如何在熊猫数据框中读取嵌套的 json 文件?

Posted

技术标签:

【中文标题】如何在熊猫数据框中读取嵌套的 json 文件?【英文标题】:how to read nested json file in pandas dataframe? 【发布时间】:2019-07-28 19:59:18 【问题描述】:

我学习了如何在 pandas 数据框中加载和读取 json 文件。但是,我有多个关于新闻的 json 文件,每个 json 文件都有一个相当复杂的嵌套结构来表示新闻内容及其元数据。我需要在 pandas 数据框中读取它们以进行下一次下游分析。所以我想出了如何在python中加载和读取json文件。但是,我为我的 json 文件学习的解决方案对我不起作用。这是即时的示例 json 数据 sn-p:example json file,这是我尝试过的:

import os, json
import pandas as pd

path_to_json = 'FakeNewsNetData/BuzzFeed/FakeNewsContent/'  // multiple json files
json_files = [pos_json for pos_json in os.listdir(path_to_json) if pos_json.endswith('.json')]
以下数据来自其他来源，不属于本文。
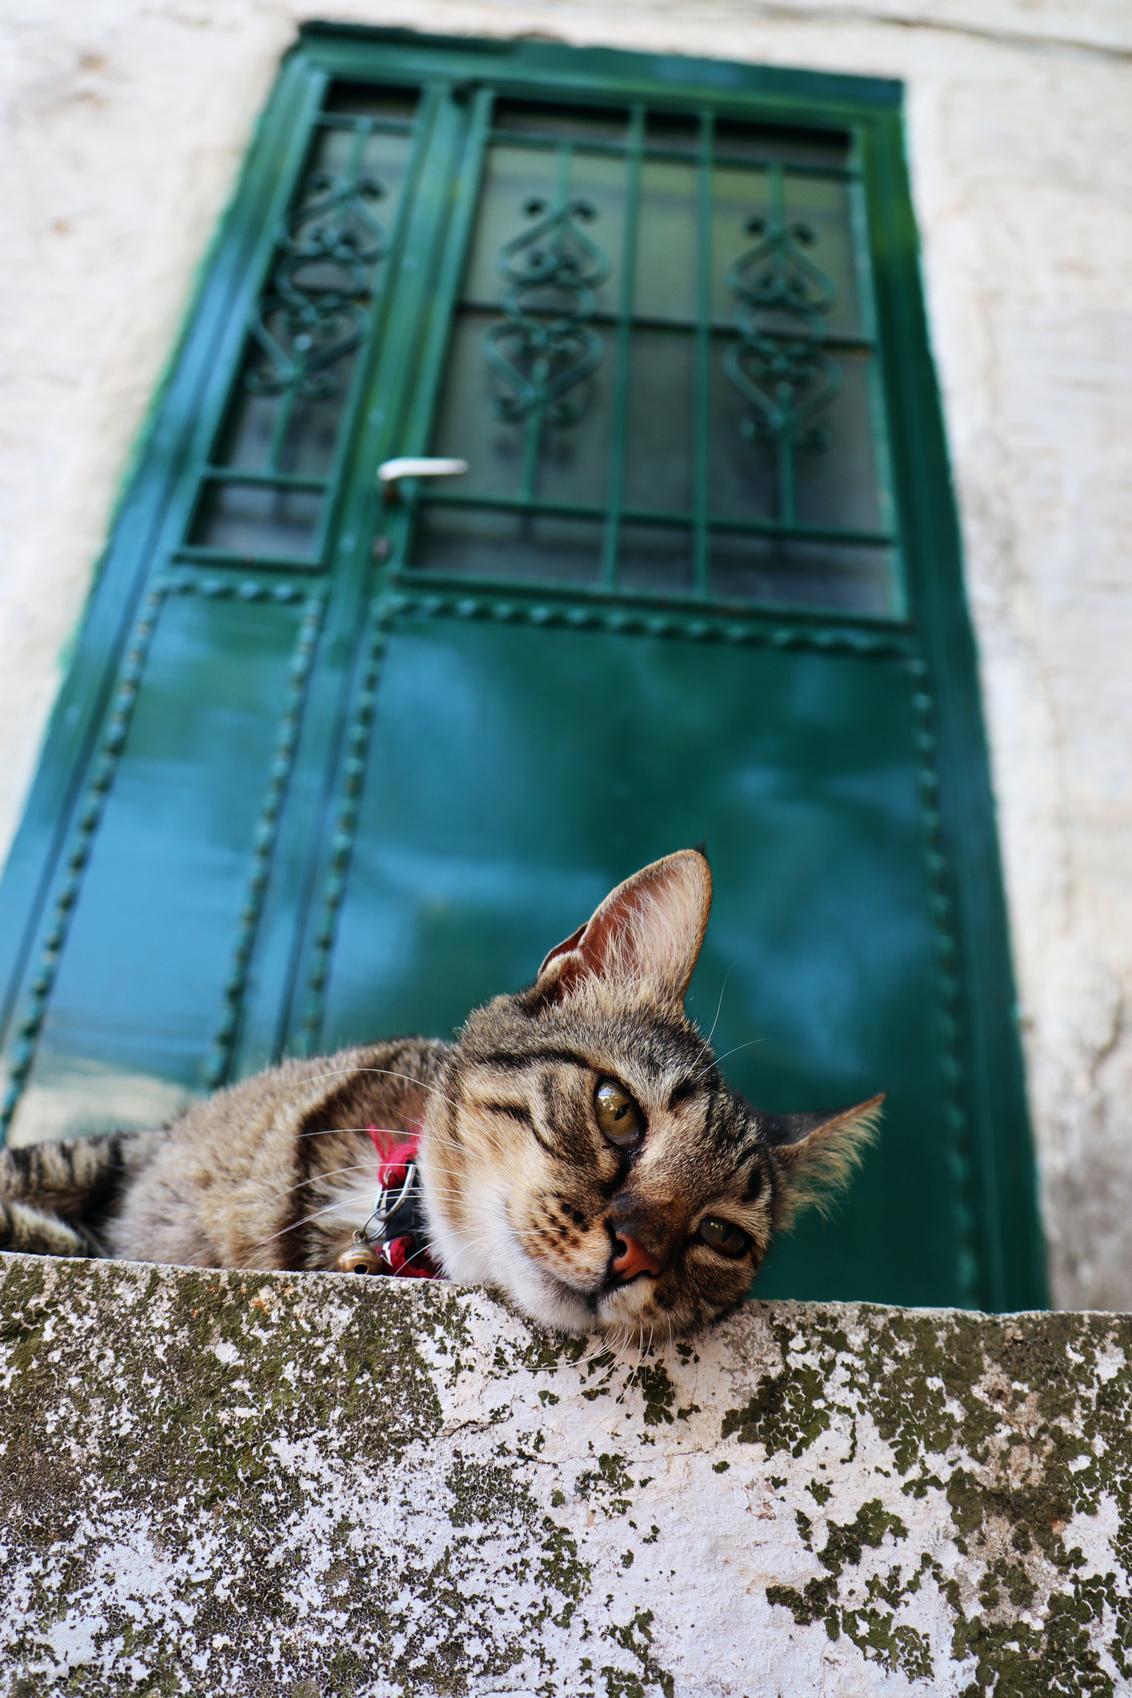 Relaxte huisbewaker - Ik hou van al die prachtige Griekse deuren. Deze kat ging er perfect voor liggen. - foto door Mijke1993 op 12-08-2019 - deze foto bevat: kleur, poes, kat, perspectief, deur, griekenland, grieks

with open('json_files[0]') as f:
    data = pd.DataFrame(json.loads(line) for line in f)

但我没有得到预期的 pandas 数据框。如何将具有嵌套结构的 json 文件很好地读入 pandas 数据帧?有没有人看一下示例 json data sn-p 并提供一个可能的想法来使这项工作在 pandas 数据框中工作?有什么想法吗?谢谢

json数据来源

我使用了来自这个 github 存储库的 json 数据:FakeNewsNet Dataset,因此您可以浏览原始数据的样子并从中创建整洁的 pandas 数据框。有什么想法可以轻松完成吗?再次感谢

更新 2

我尝试了以下解决方案,但它对我不起作用:

import json
import pandas as pd
with open('FakeNewsContent/BuzzFeed_Fake_1-Webpage.json', 'r') as f:
    data = json.load(f)
df = pd.DataFrame(data)

ValueError: 数组的长度必须相同

【问题讨论】:

Pandas read nested json的可能重复 @MayurBhangale 我也试过了,但没用,有更好的主意吗? 【参考方案1】:
import os
import glob
import json

from pandas.io.json import json_normalize

path_to_json = 'FakeNewsNetData/BuzzFeed/FakeNewsContent/'
json_paths = glob.glob(os.path.join(path_to_json, "*.json"))
df = pd.concat((json_normalize(json.load(open(p))) for p in json_paths), axis=0)
df = df.reset_index(drop=True)  # Optionally reset index.

这会将您的所有 json 文件加载到单个数据帧中。 它还将通过添加“。”来展平嵌套的 json 层次结构。键之间。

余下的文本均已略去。